Den Berichten zufolge hatte sich der Tatverdächtige darüber geärgert, dass die Touristin nicht mit ihm sprechen wollte. Er sei seinem Opfer dann gefolgt und habe es an einem abgelegenen Ort überwältigt, sagte die Polizei laut thailändischen Medien. Aus Angst, dass die Frau ihn bei den Behörden melden würde, habe er sie getötet, hieß es weiter.

Bei dem Mann handelt es sich nach Angaben des örtlichen Polizeichefs Ungkul Sarakul um einen Inselbewohner, der sein Geld mit dem Einsammeln von Müll verdiente.

Der Leichnam der deutschen Touristin sollte laut «The Nation» zunächst zur Obduktion nach Bangkok gebracht werden.

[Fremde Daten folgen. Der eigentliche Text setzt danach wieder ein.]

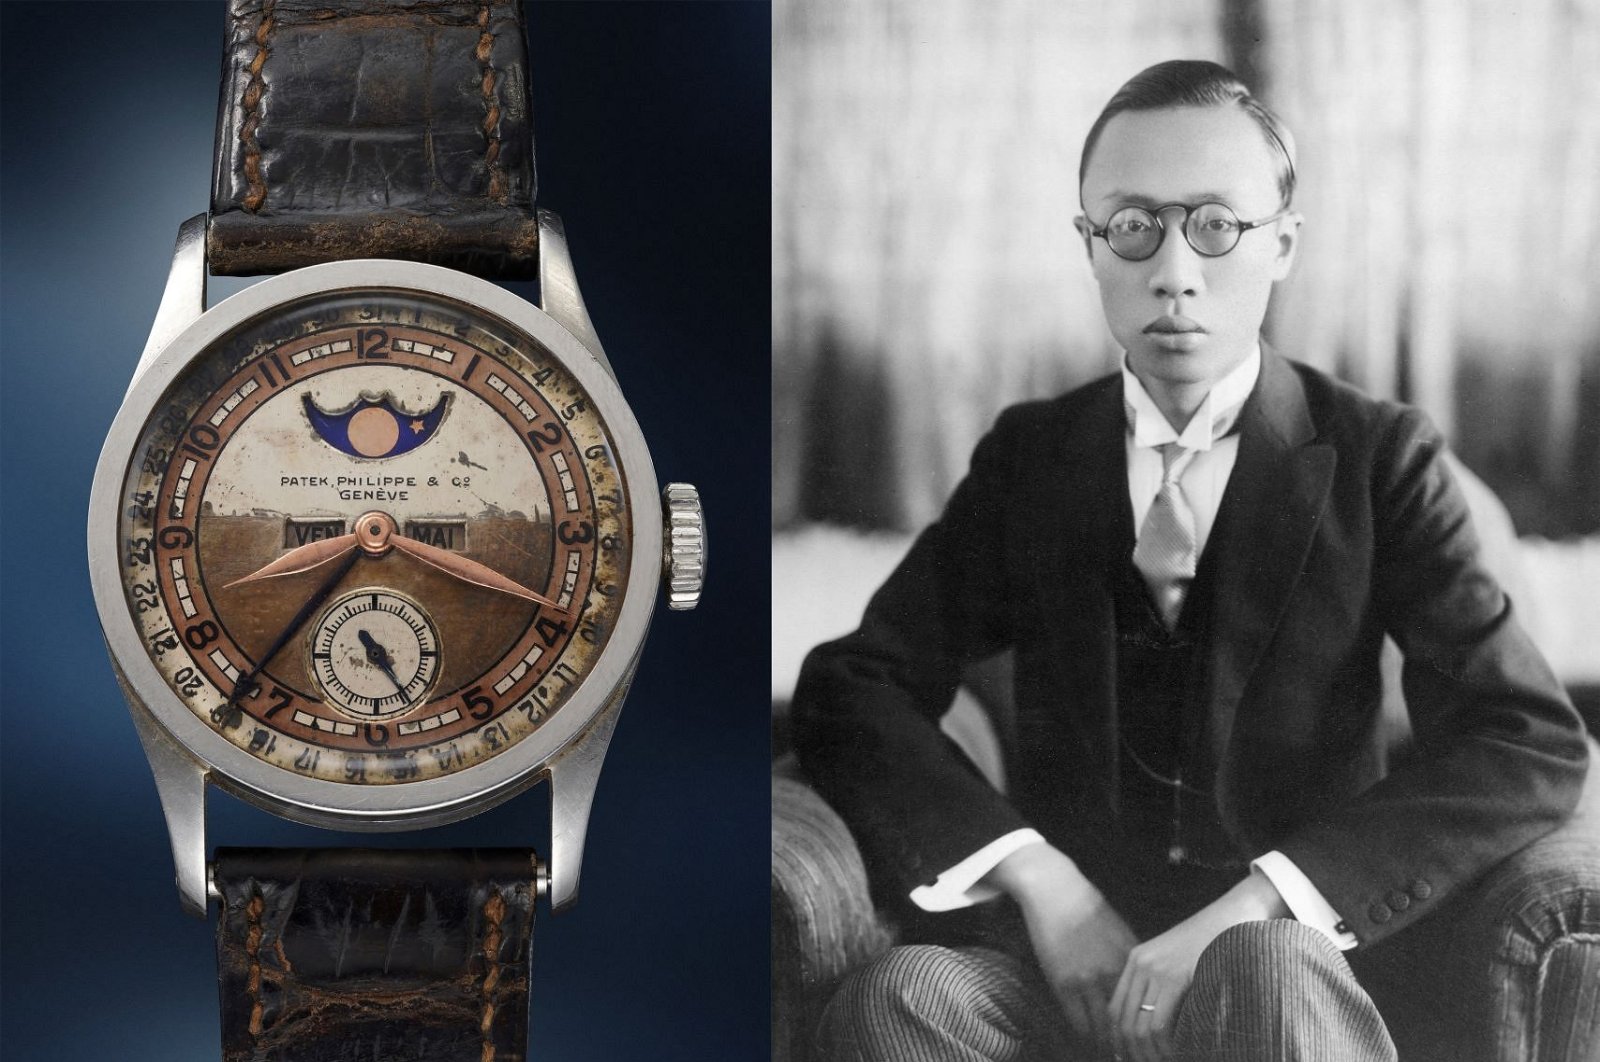 Arloji kaisar terakhir Tiongkok terjual ,2 juta di lelang

Ersten Ermittlungen zufolge sei die Frau von einem harten Gegenstand getroffen worden, möglicherweise einem Stein. Sie stammte laut Staatsanwaltschaft Hildesheim aus dem niedersächsischen Landkreis.

Thailand gehört zu den beliebtesten außereuropäischen Urlaubszielen von Bundesbürgern. Im vergangenen Jahr kamen nach vorläufigen Zahlen mehr als 880.000 Deutsche in das südostasiatische Königreich.

Das Auswärtige Amt (AA) warnt in seinen Reisehinweisen vor zunehmender Kriminalität in Thailand, speziell vor Diebstählen, Vergewaltigungen und Raubüberfällen - teilweise mit Todesfolge. Insbesondere Urlaubern in den Touristenhochburgen Phuket, Koh Samui und Pattaya rät das Ministerium zur Vorsicht.

Explizit werden in den Reisehinweisen die monatlichen Vollmond-Partys auf der nördlich von Koh Samui gelegenen Insel Koh Pha Ngan erwähnt. Dort sei es bereits mehrfach zu tödlichen Zwischenfällen gekommen. «Wiederholt sind Frauen und Mädchen von unter Drogen oder Alkohol stehenden Teilnehmern vergewaltigt worden.»